■ **Data to use**:
•••

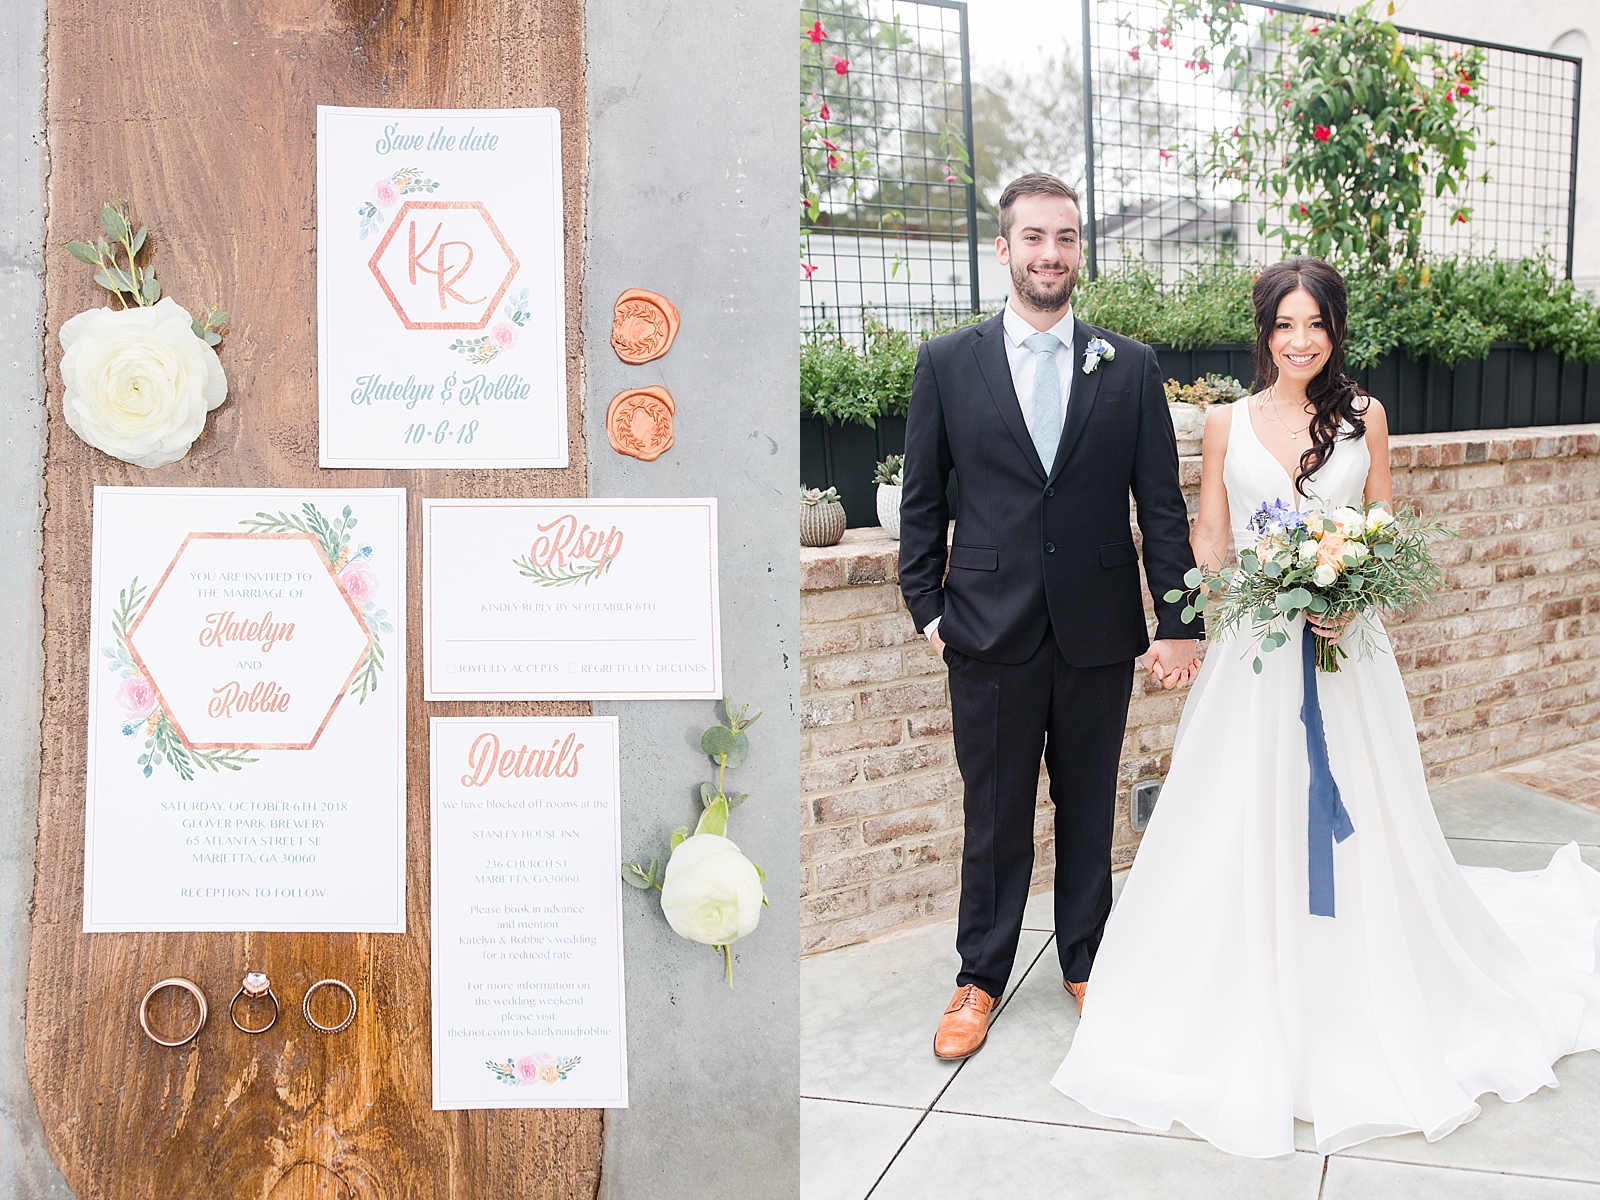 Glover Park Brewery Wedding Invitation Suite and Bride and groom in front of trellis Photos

•••

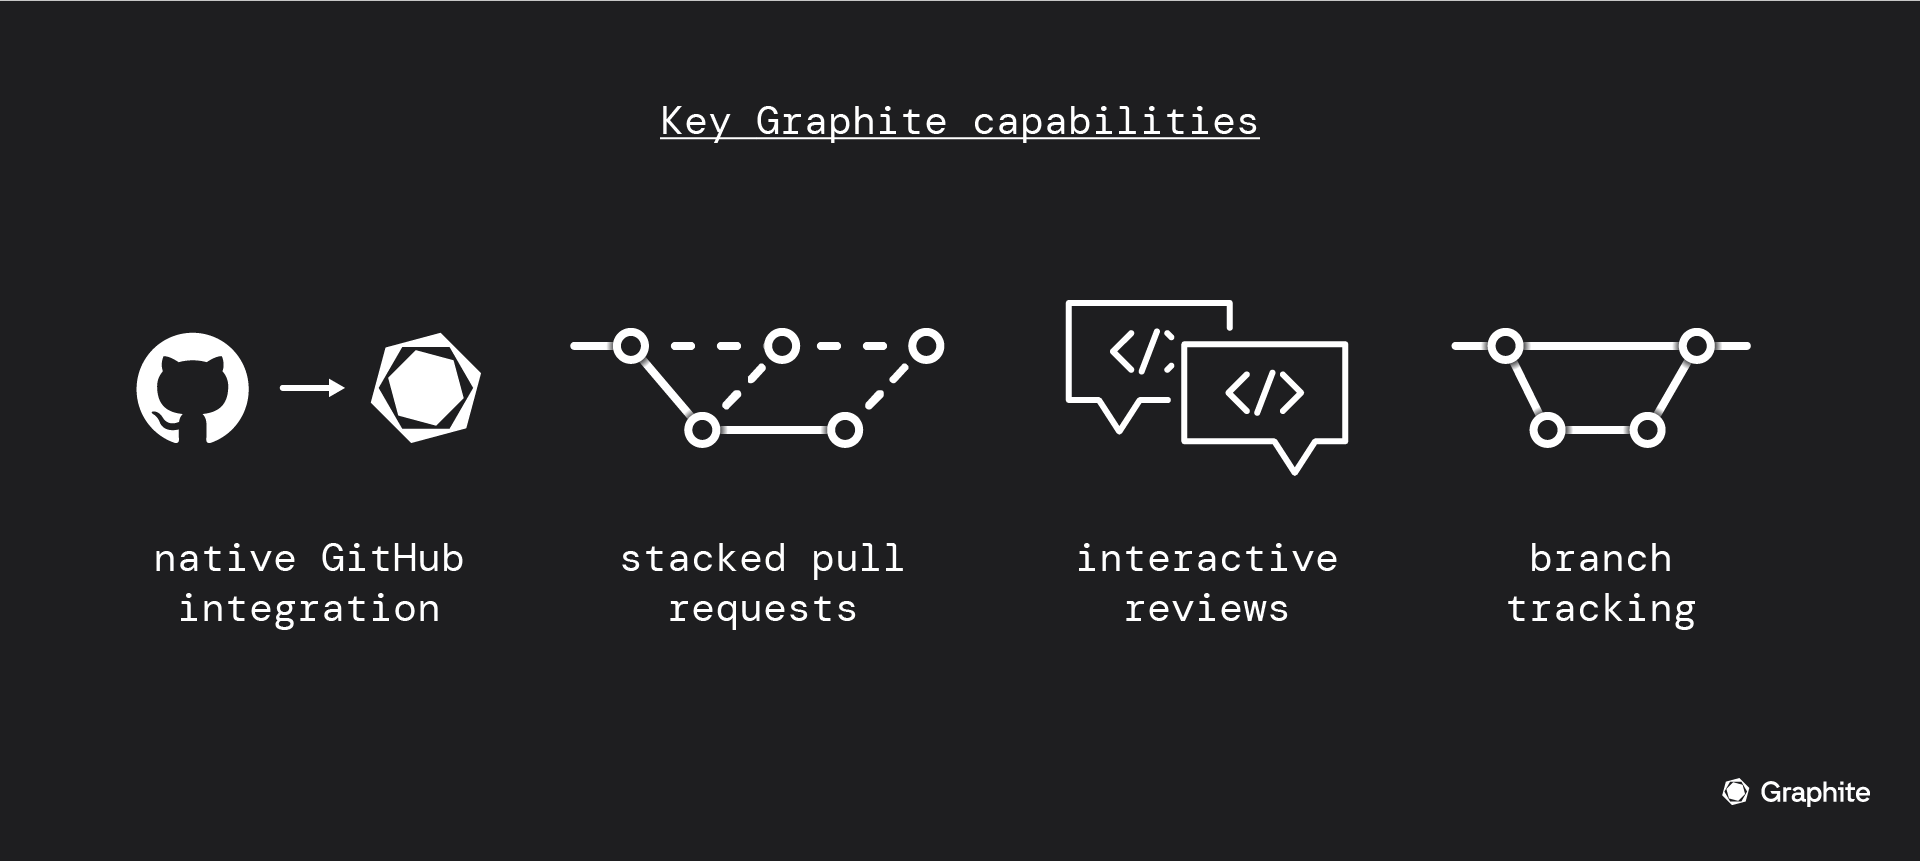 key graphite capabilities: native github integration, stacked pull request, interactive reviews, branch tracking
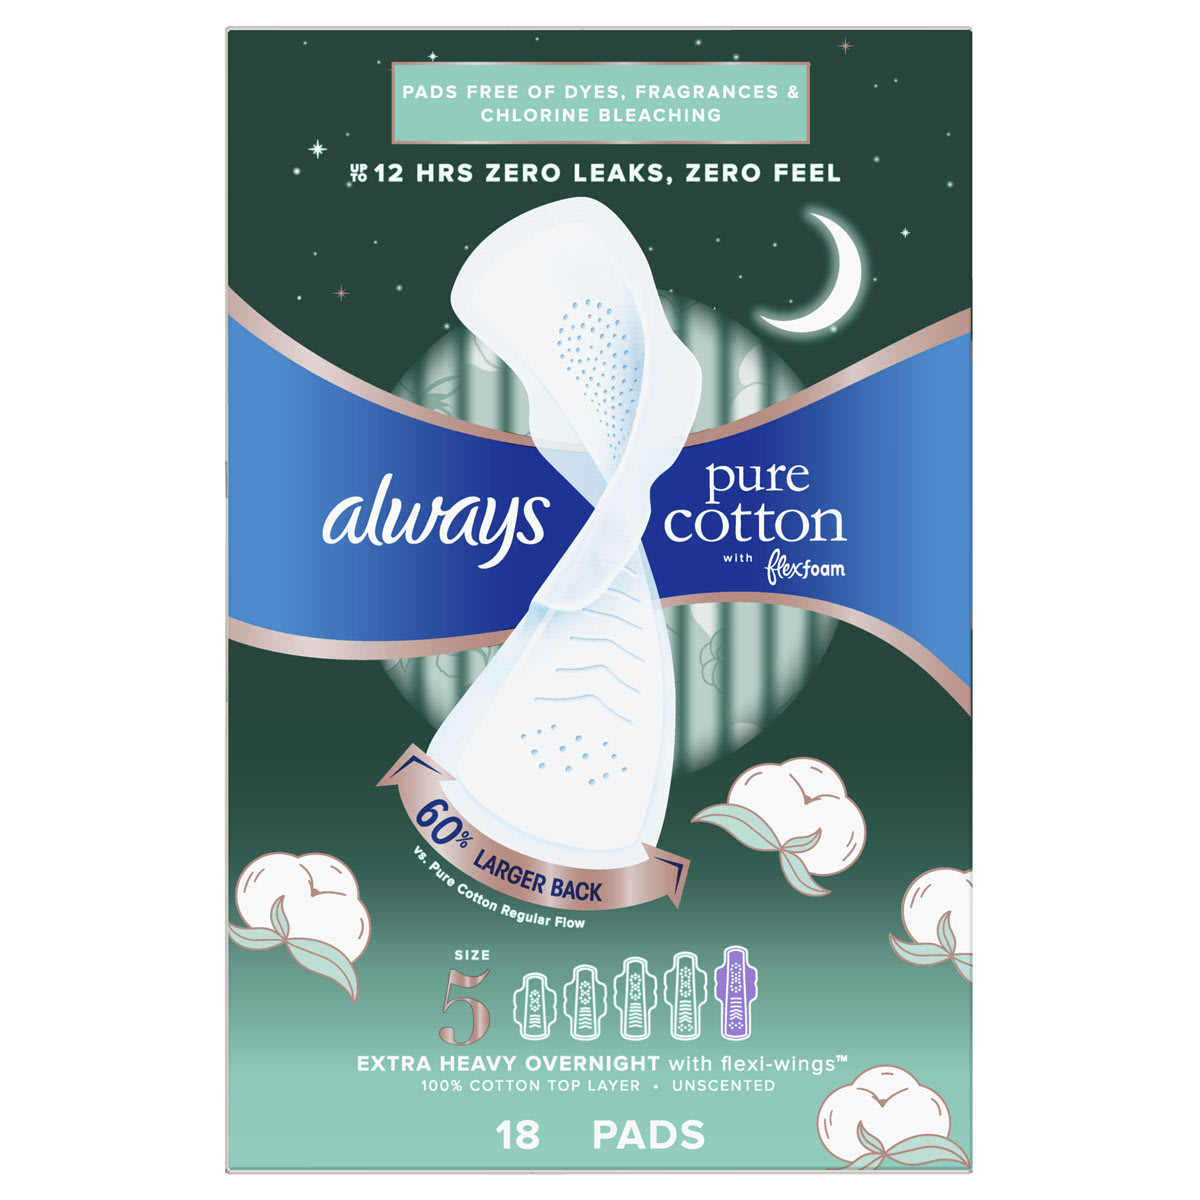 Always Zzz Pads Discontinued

•••

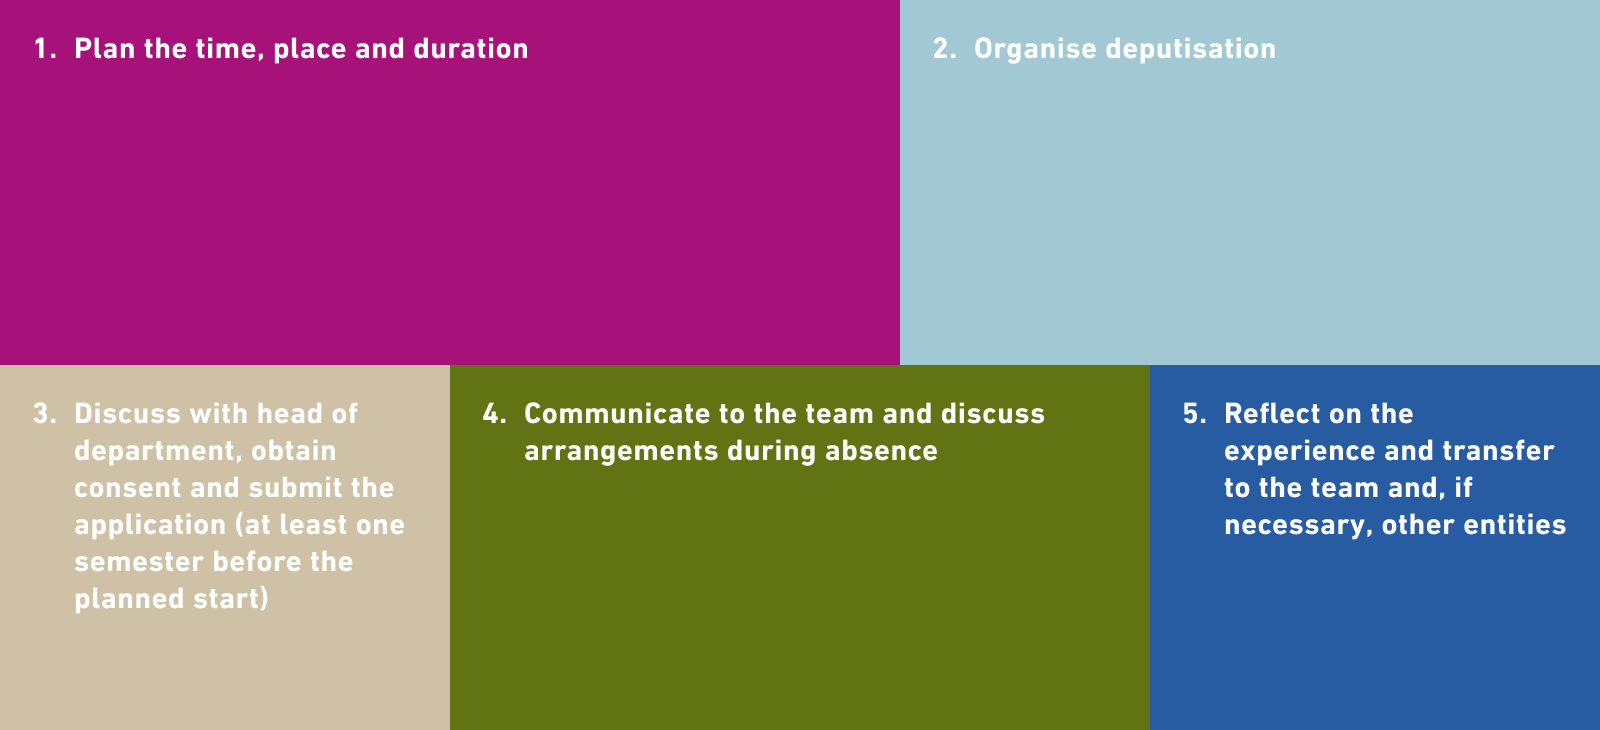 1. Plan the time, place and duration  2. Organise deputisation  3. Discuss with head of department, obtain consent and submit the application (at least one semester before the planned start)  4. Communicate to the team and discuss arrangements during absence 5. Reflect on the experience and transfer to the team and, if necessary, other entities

•••

■ **Your task**: Look above and copy only the lines from the one holding "key graphite capabilities: native" to the one holding "Always Zzz Pads Discontinued", both included, exactly, minus the pictures.

■ **Reply**:
 key graphite capabilities: native github integration, stacked pull request, interactive reviews, branch tracking
 Always Zzz Pads Discontinued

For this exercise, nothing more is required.